We add another rule... you start to get the pattern. These rules can be hard to detect, some may not work, and we would need a lot of effort to maintain our program.

So, what can we do with Machine Learning? We gather data that we can use as features and targets.

![image.png](attachment:2824bfcb-b249-47c9-b4df-64553e0f7170.png)

But, how do we obtain the features? They can come from the rules we have, but we will not determine the impact of those rules in our prediction, this will be determined by our ML system.

![image.png](attachment:39576df0-ece6-40c2-a39c-735ad15ad9a9.png)

This way, we will have a set of features and a target for each of our emails.

![image.png](attachment:cfd2dd38-70b6-49ef-8f13-7187587e31a1.png)

This is how we obtain the dataset (one row per email) that we can use to train a model.

![image.png](attachment:a97a49b7-3df1-4c49-9cf5-c09aa1cb82d1.png)

And that we can later use to classify our emails (get the predicted targets).

![image.png](attachment:6c842a94-cfb8-4d8a-b6b5-3104e37c0cd9.png)

![image.png](attachment:2be74182-b986-437a-ad99-afcd4586b3dc.png)

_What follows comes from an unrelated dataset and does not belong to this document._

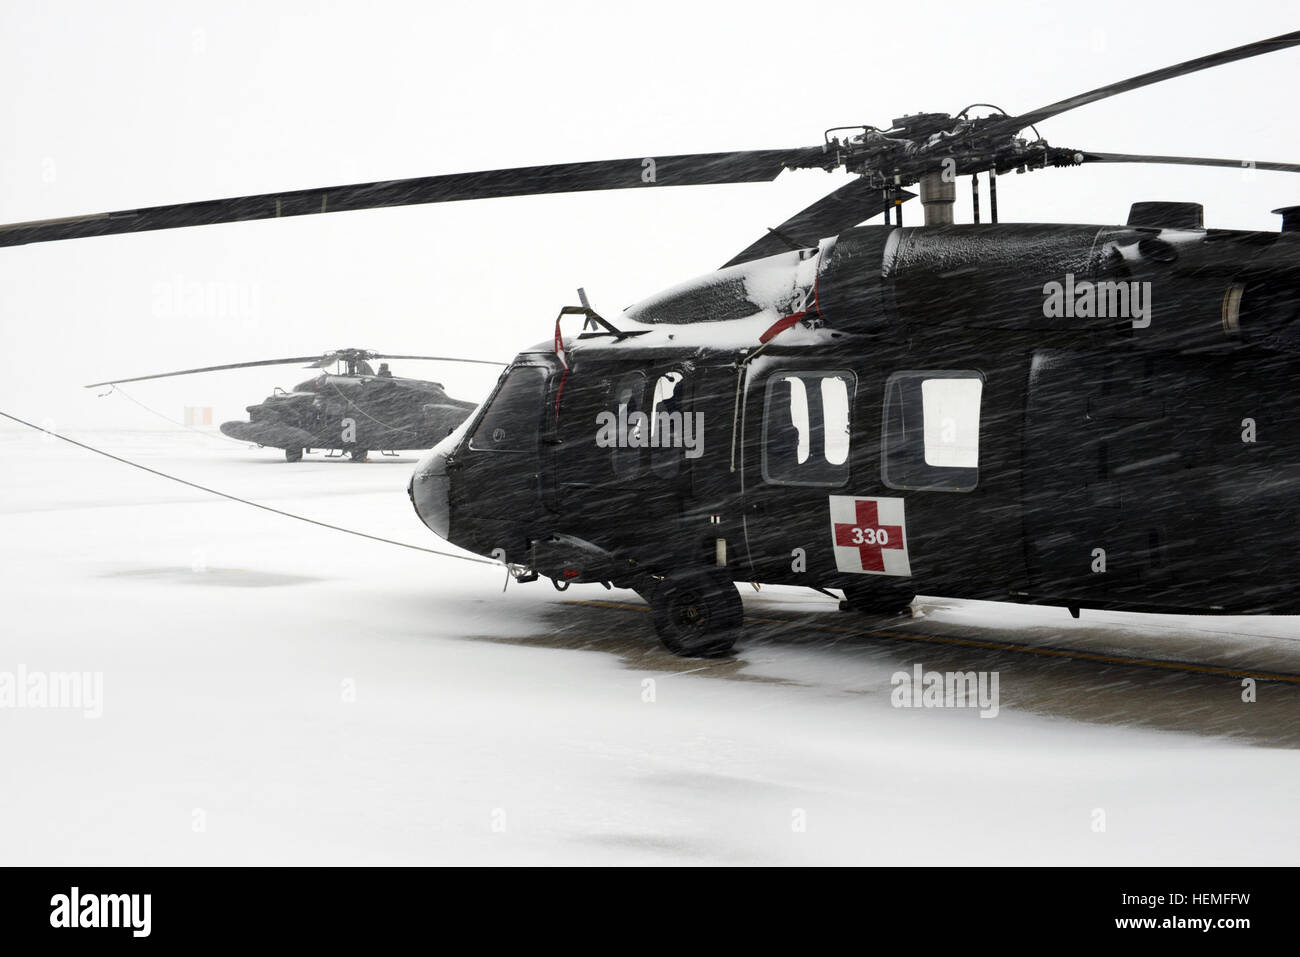 Both of these UH-60 Black Hawks were safe and secure during the blizzard that struck Germany March 12, 2013. (Photo by Dee Crawford, VI Specialist, TSC Wiesbaden) UH-60s in a blizzard 120313-A-Cr252-011 Stock Photo

The difference between ML and classical programming can be summarized in the following image.

![image.png](attachment:d434d9d4-4301-48a2-a4ae-f36dfa8f9260.png)

### 3. Supervised Machine learning

Having a **target variable** we want to predict using certain **features**. Modeling is given by 

$g(X) \approx y$, 

where $X :=$ feature matrix, $y :=$ target variable, and $g :=$ model function. 

The process of obtaining $g$ given our features and target is called "training". Where we collect several examples of $X$ and $y$ to obtain the $g$ so that $g(X) \approx y$.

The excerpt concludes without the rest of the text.